Sadness is something that heavily informs Young Man in America, as on the devastating, elegiac ‘Coming Down’, which abandons imagery and wordplay in order to capture what Mitchell describes as pure feeling: “It’s not very clever, or smart, or anything. I think that we’ve probably all felt that feeling in the midst of a really good time – the imminent end of it, and the emptiness of it.” Indeed, the debauched, Dorian Gray-esque nature of the Young Man’s odyssey is surely not destined to end well, and in ‘Annmarie’, gender roles are reversed as the song’s narrator pleads mercy from his other half. But if tales of obsession, grief and unrequited love form the thrust of the record’s allure, a smattering of hope and beauty among the travails of modern existence round it out. ‘Venus’ is a snappy, addictive evocation of love and lust that sees its titular character descend from the heavens in a “cloud machine,” inspired a little by this as well as “the idea that somebody will swoop in and everything will be okay,” while ‘Ships’ is a rousing closer that grapples with loss in defiant, conciliatory terms.

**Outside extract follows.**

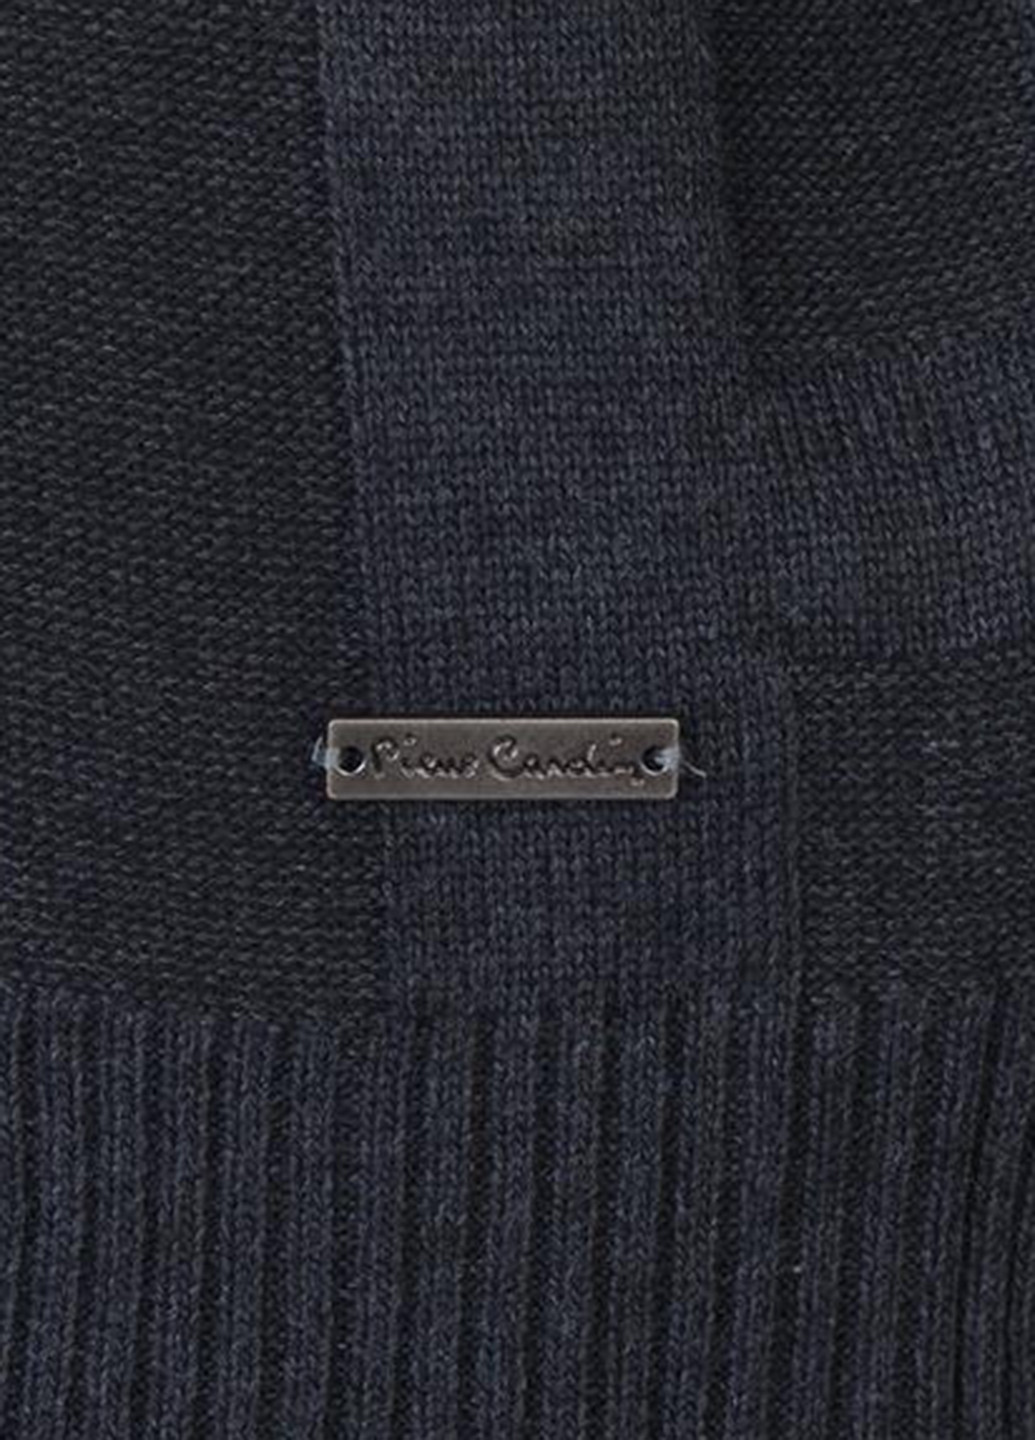 Грифельно-серый демисезонный пуловер пуловер Pierre Cardin

Over the course of our hour-long conversation Mitchell speaks with such eloquence and zeal about her craft and about language and music in general (from old Catalan folk songs she discovered on compilations to the “wild, bizarre” beauty of traditional British and Irish storytelling), and sets out such firm, refreshingly optimistic ideals about the nature of releasing her music independently that it is difficult not to get a little swept up in her enthusiasm. “You just keep going, and see where each one leads,” she states regarding getting her albums out there. With Young Man in America, a literate, sweeping statement of intent and indictment of modern ills both personal and political, you have to hope it leads towards the kind of wider success she so richly deserves.